Мы с особым удовольствием приступаем к анализу пьес «Земные боги» В. Гаглоева и «Борахана» и «Сердце поэта» Ш. Джиккаева, потому что эти авторы, как это мы постараемся показать, продемонстрировали подлинное драматургическое искусство вместе с артистизмом, свойством, которое мы считаем таким же важным для драматурга, как писательский талант. Другим достоинством этих авторов является наибольшее приближение в их произведениях к созданию подлинно национальных характеров, без которых даже самое талантливое произведение лишается привлекательного и вызывающего острое любопытство колорита.

Итак, «Земные боги» В. Гаглоева. Читавшие эту пьесу, наверно, заметили несколько странную конструкцию произведения - в нем не видно центрального персонажа, вокруг которого бы группировались остальные и вращались, как планеты вокруг Солнца. Это ни в коем случае, однако, нельзя считать недостатком, потому что, если уж говорить о центральном персонаже, то он все-таки есть, и им является не отдельная личность, а только что вышедший из войны увечный и настрадавшийся народ. Травмированность этого народа чисто физиологическая, ибо сама народная душа осталась совершенно здоровой, с сильной жаждой жизни. И, следовательно, здоровые потребности человека не чужды ему вопреки бедности и страшно трудным условиям послевоенной жизни. Вернее даже, не только не чужды, но просто жизненно необходимы, как оголодавшему хлеб насущный. И поэтому смелость засидевшихся в девках девушек и даже молоденьких девиц, которой могли бы позавидовать и парижанки, нисколько не противоречит такту и сдержанности, предписываемым осетинке народным этикетом и традицией.

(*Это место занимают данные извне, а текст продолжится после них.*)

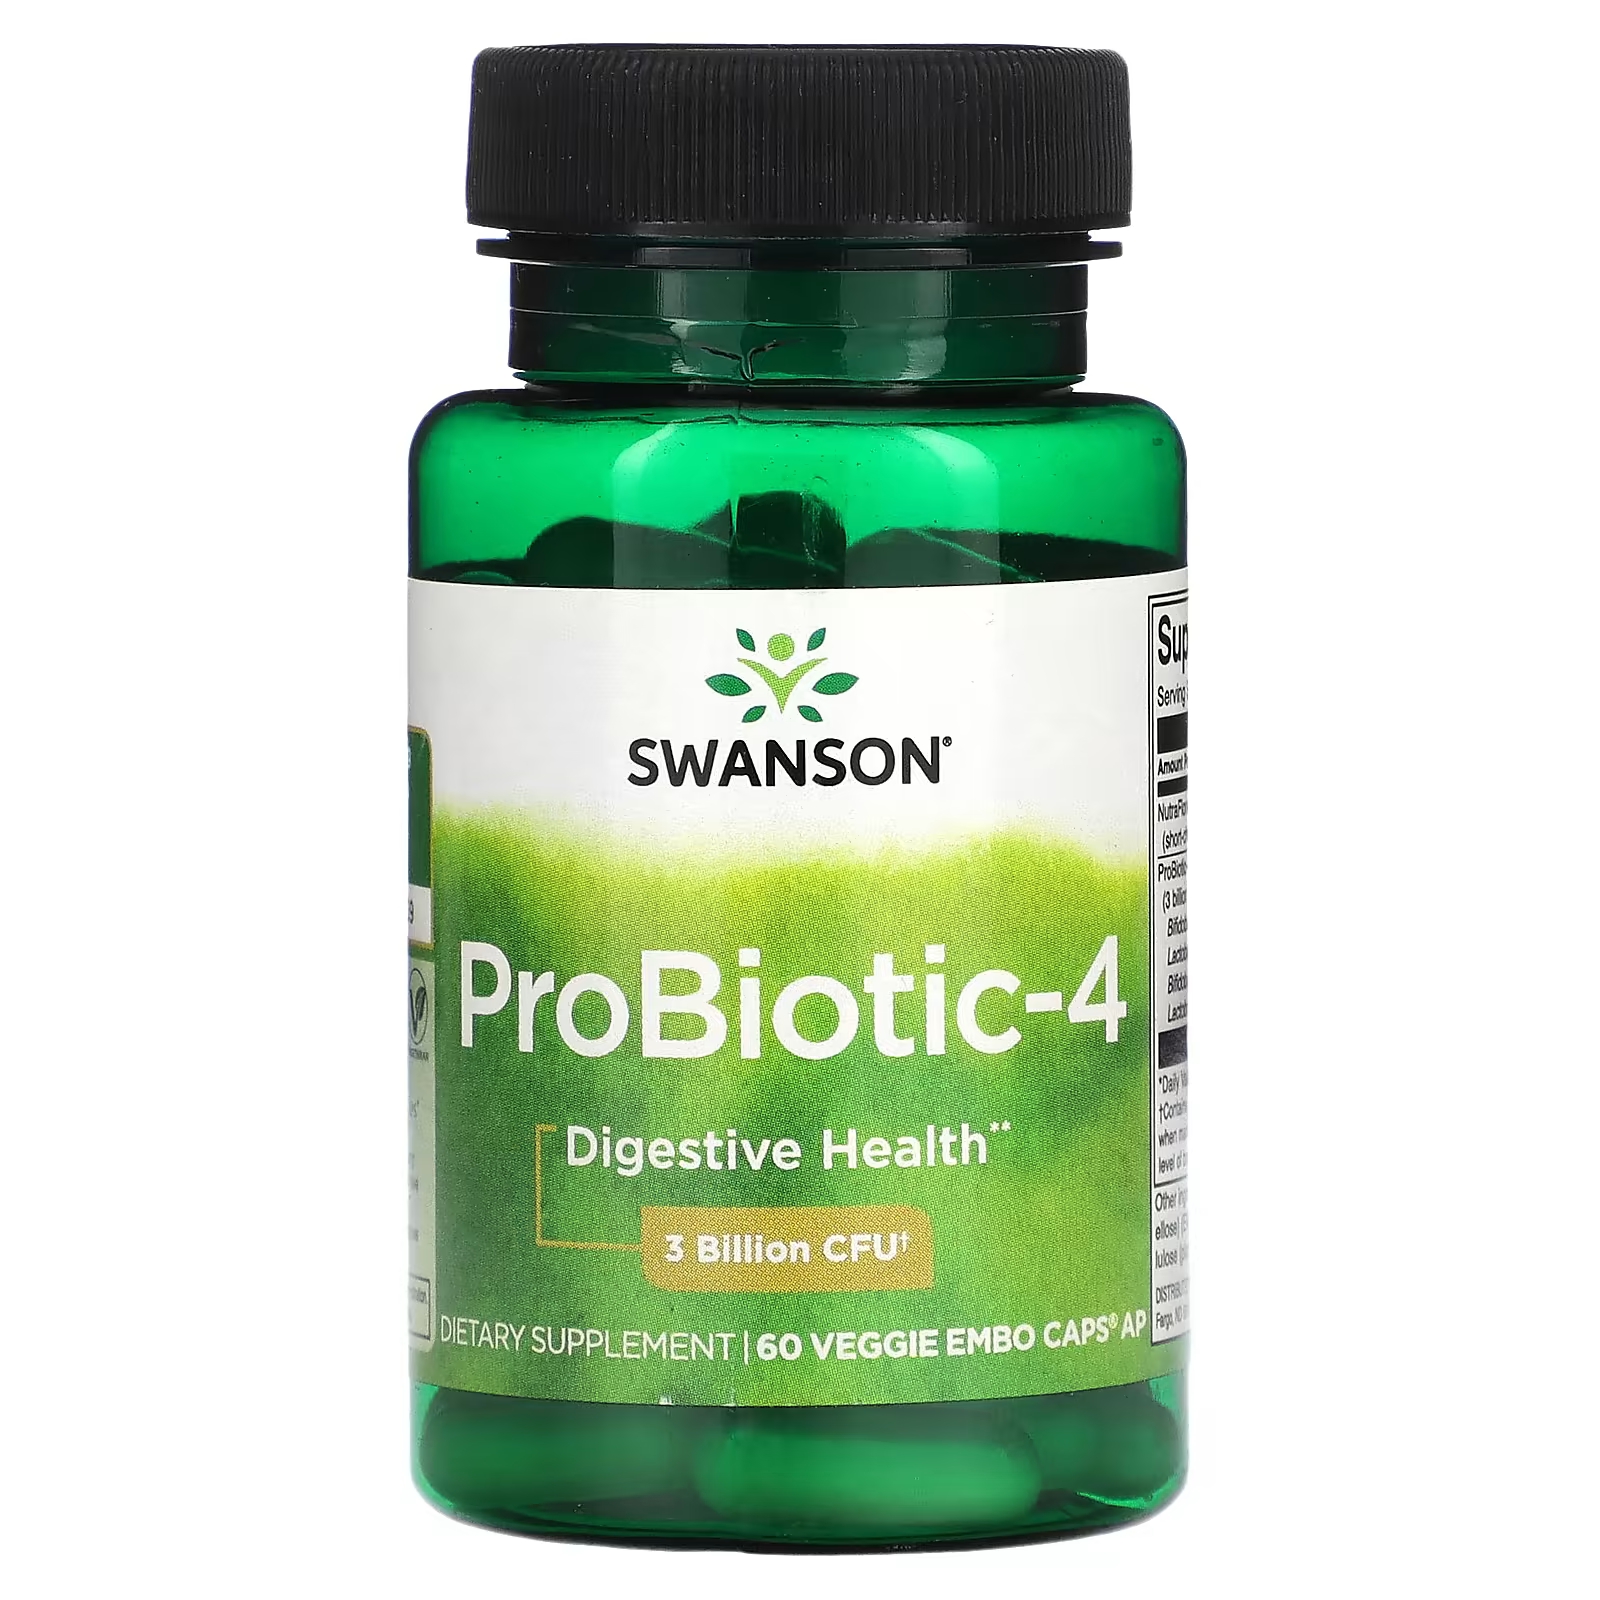 Пищевая добавка Swanson Probiotic 4.3 Billion CFU, 60 капсул

Удивительно, сколько в народе здорового чувства, способного пережить любые кризисы, как хватает его и на любовь, и на сочувствие, и на принесение его лучшими представительницами (Уардис и др.) своего собственного чувства в жертву, лишь бы не помешать зацвести молодой любви, чтобы с молодыми не повторилось то, что хотя бы отдаленно напоминало их собственную беду.

Возвращение к мирному быту - после четырех лет войны - так же трудно, как и переходить на военное положение. Здесь, даже при самой большой чуткости и взаимной помощи и почти родственной уступчивости, все же не обойтись без трагедий. И от того, как бомбы замедленного действия, взрывается то одна судьба, то другая. Но, самое главное, народ, как видим, в общем, здоров, но, сколько в этой громадной массе отдельных, без внешних признаков ран, увечных сердец, которым не помогут никакие лекарства, не подойдут никакие протезы!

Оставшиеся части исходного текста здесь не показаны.